Record set.
Start of Block

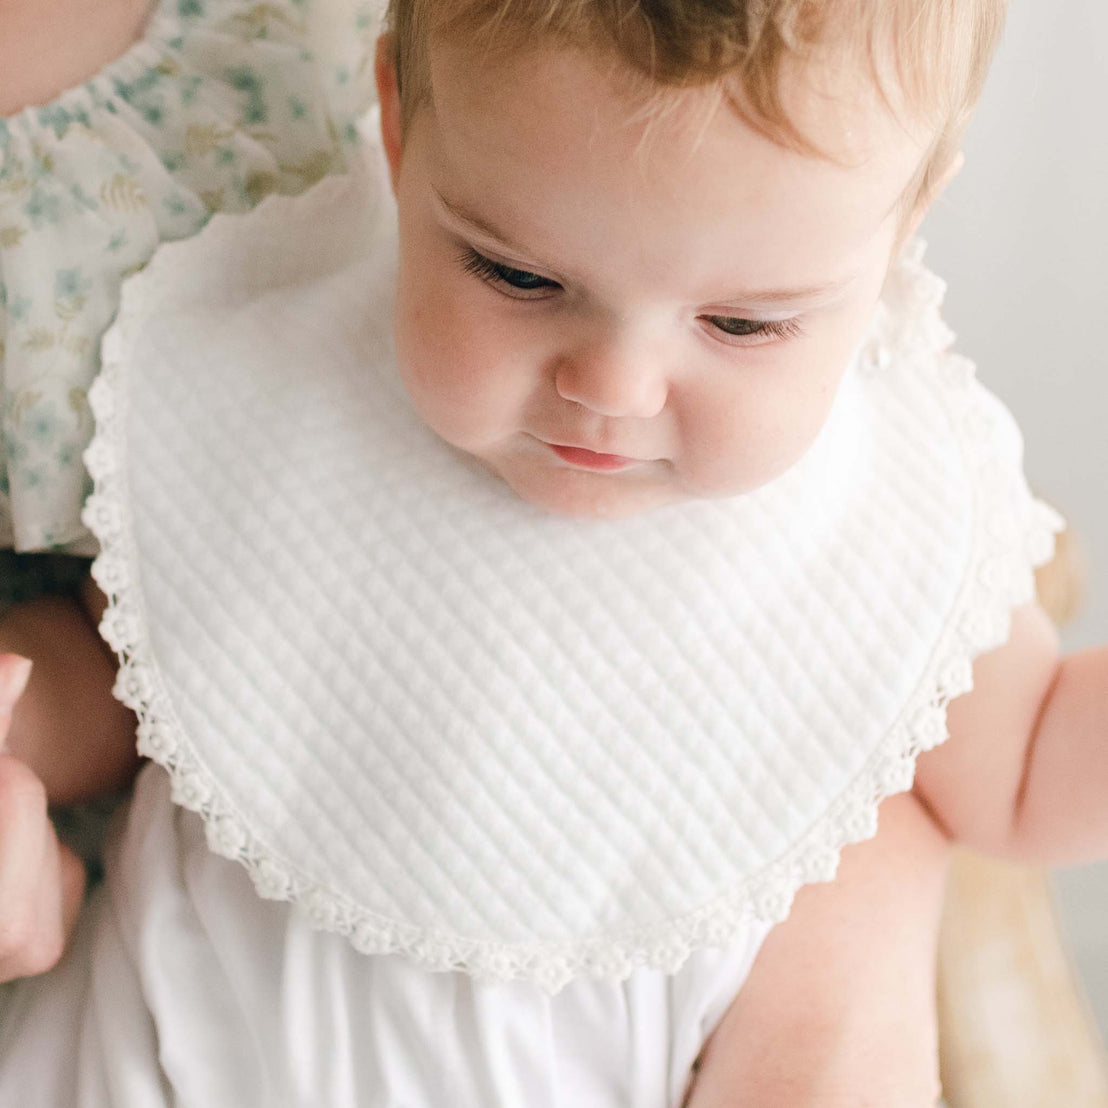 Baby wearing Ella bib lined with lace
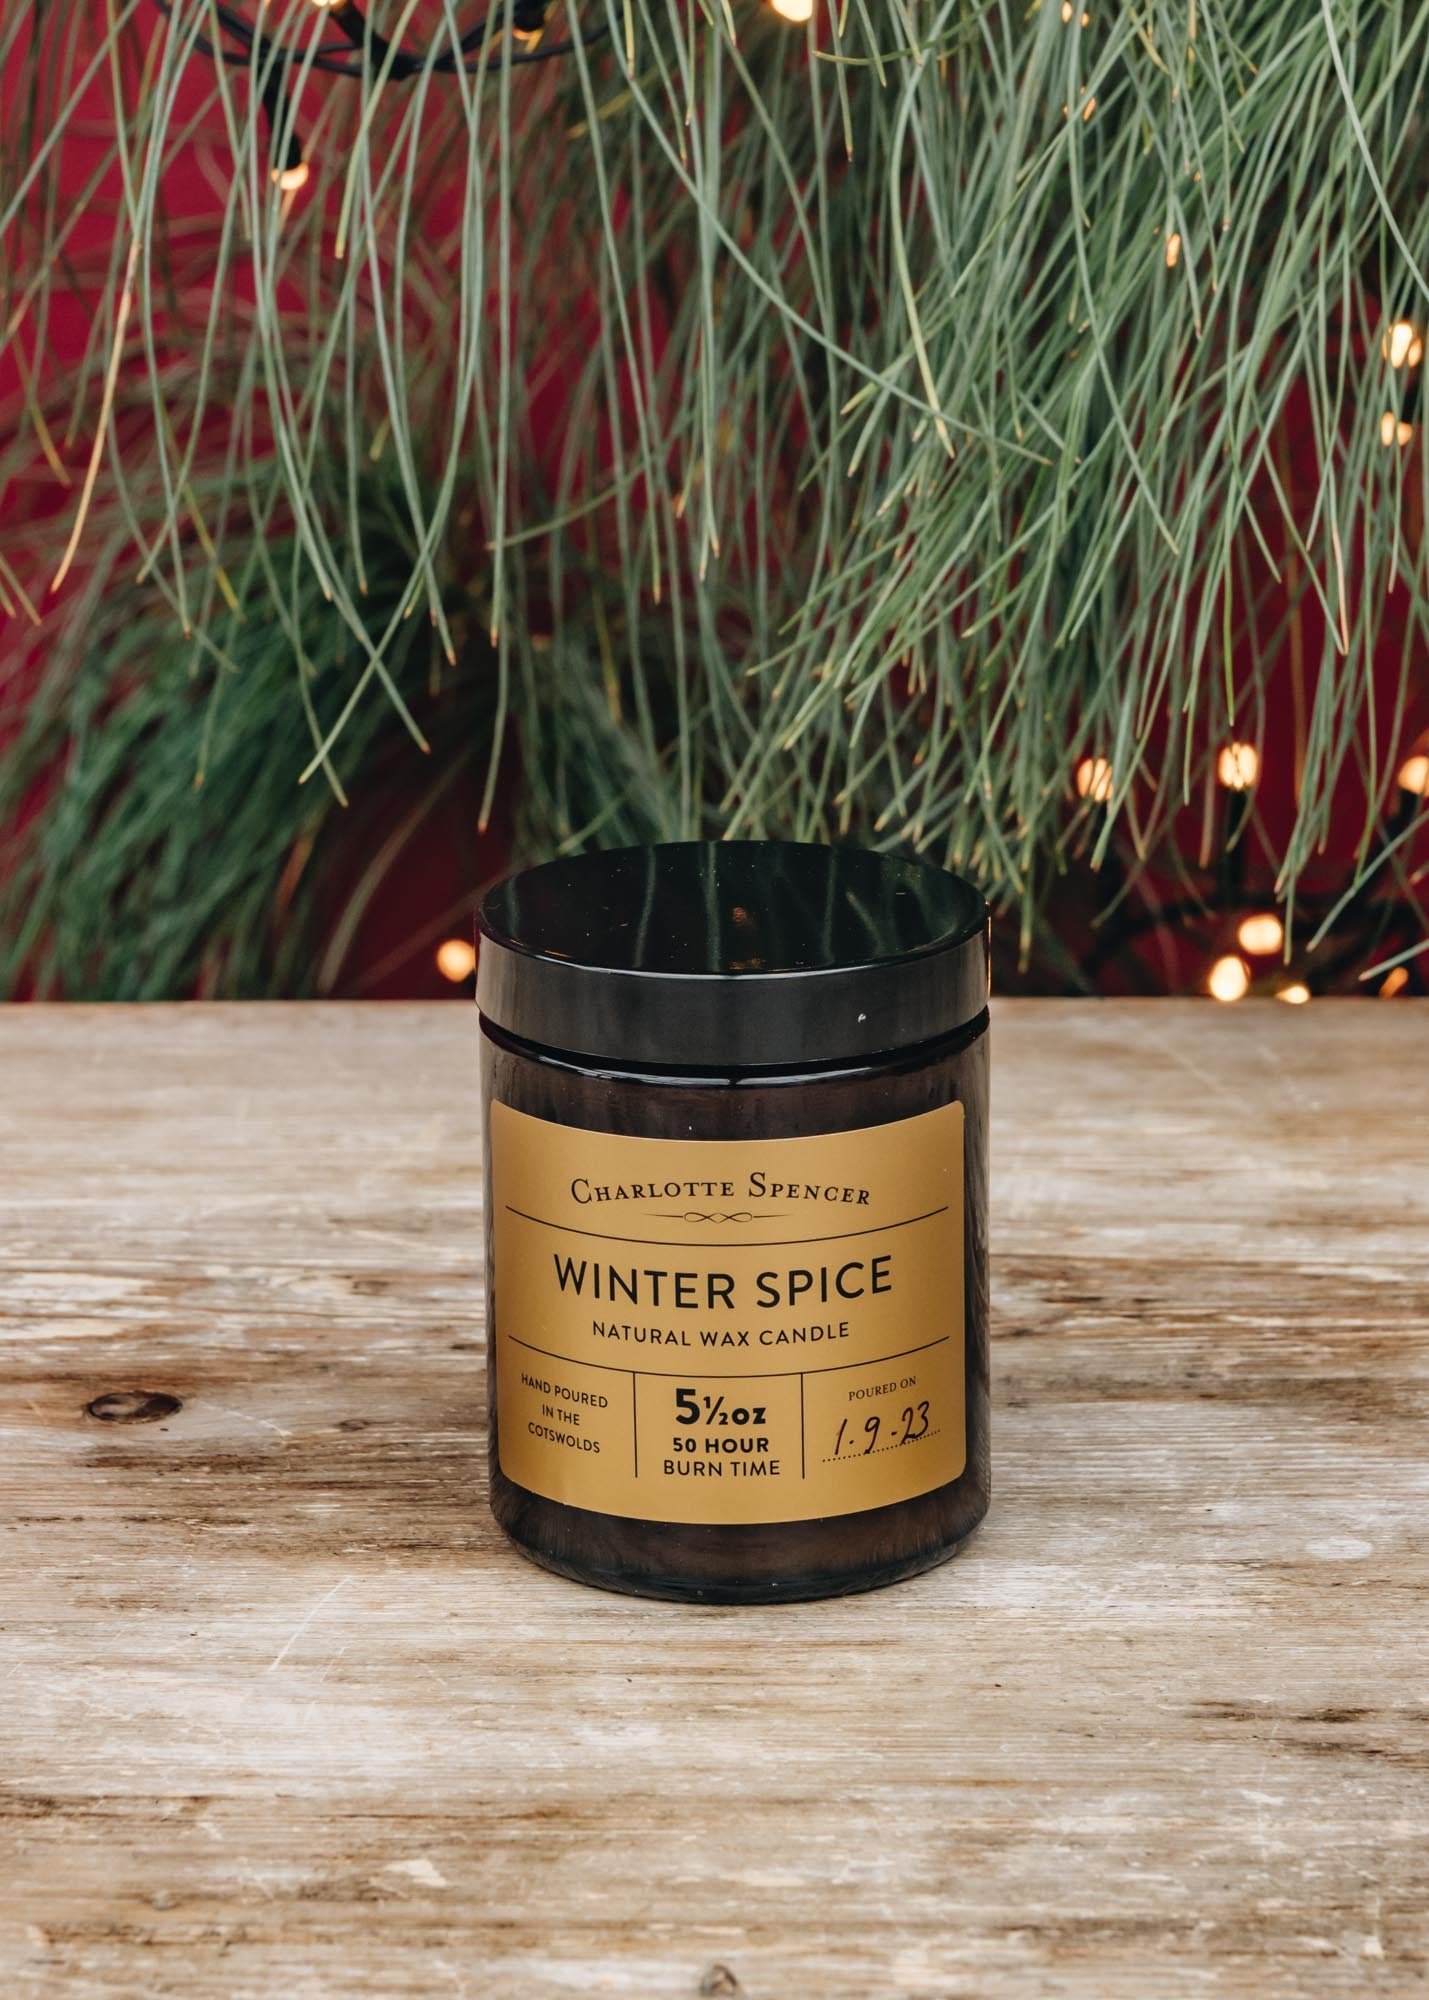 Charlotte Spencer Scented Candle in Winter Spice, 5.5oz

End of Block
Start of Block

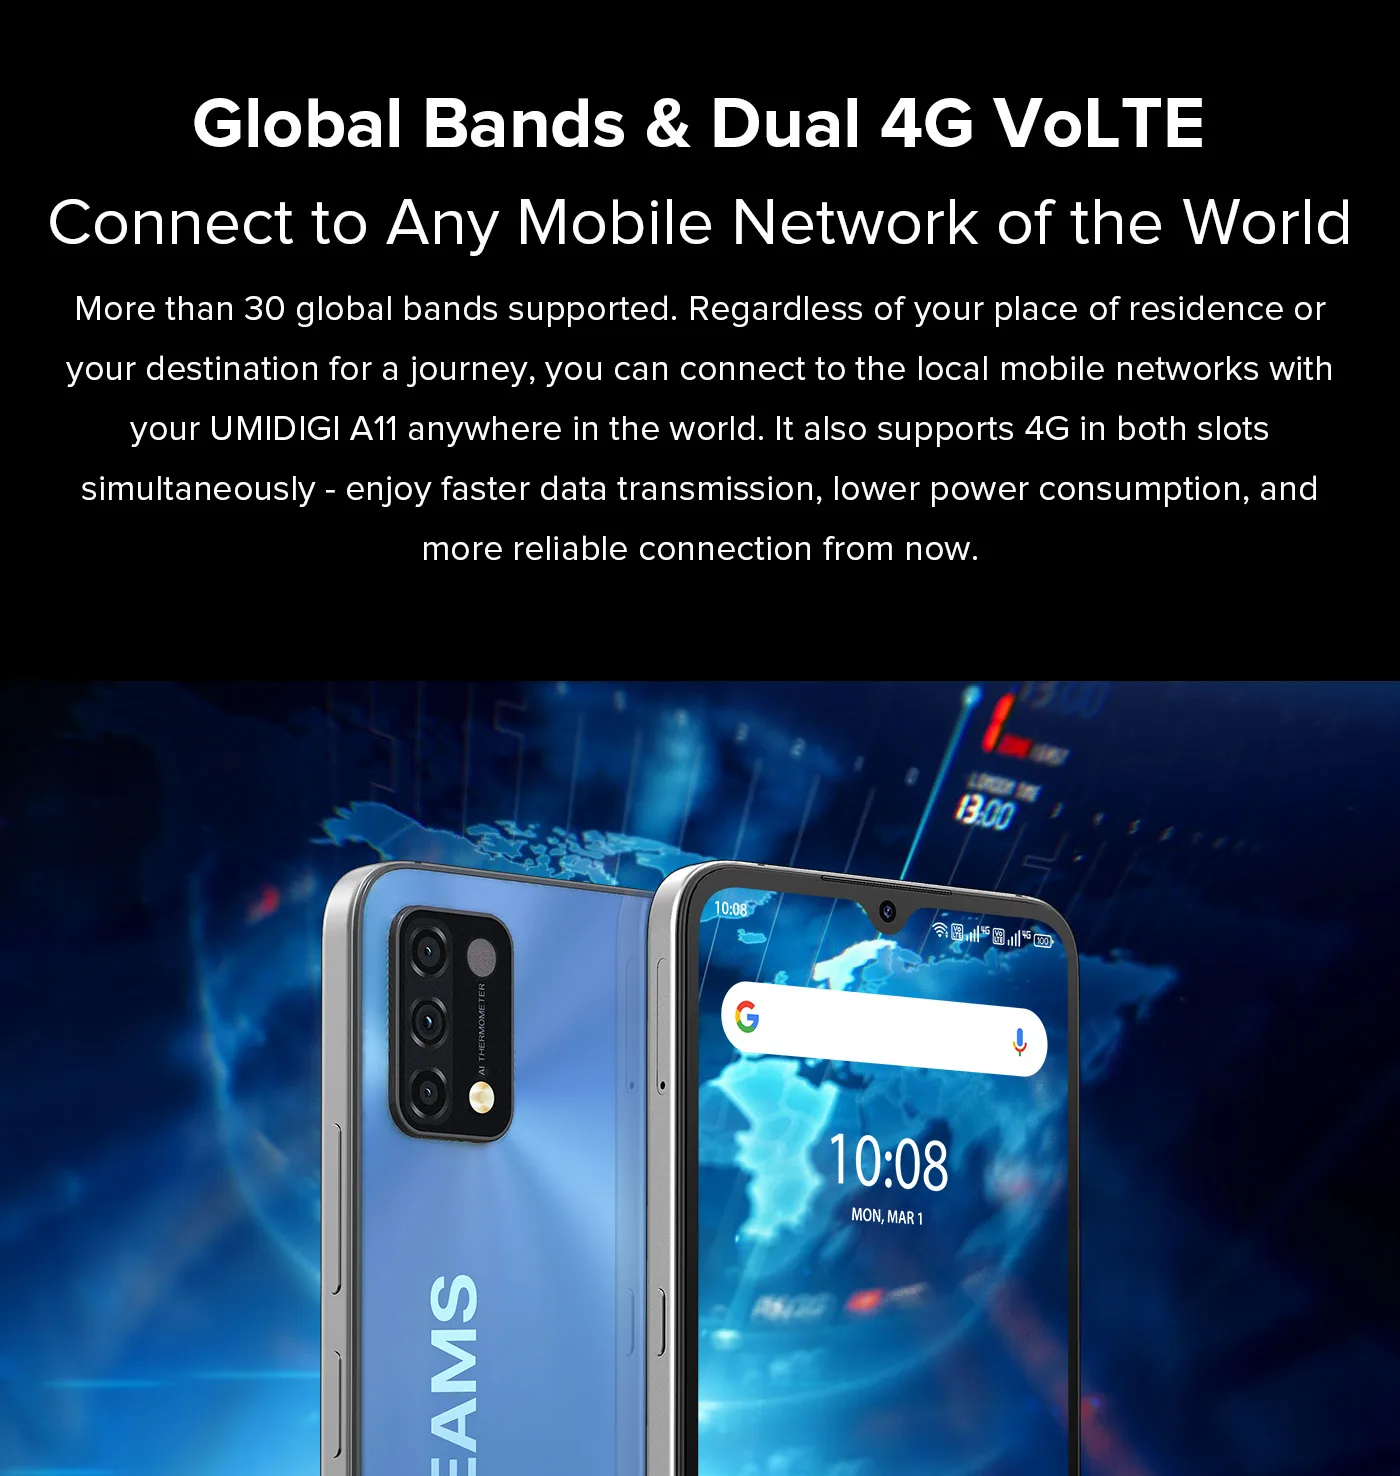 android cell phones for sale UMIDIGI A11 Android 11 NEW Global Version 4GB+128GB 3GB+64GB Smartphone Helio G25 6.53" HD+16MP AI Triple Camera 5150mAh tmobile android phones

End of Block

To do. Copy the lines above exactly, starting at the one with "Baby wearing Ella bib lined with lace" and ending at the one with "Charlotte Spencer Scented", both included. Leave out any pictures and add nothing else.

Reply to the exercise.
 Baby wearing Ella bib lined with lace
 Charlotte Spencer Scented Candle in Winter Spice, 5.5oz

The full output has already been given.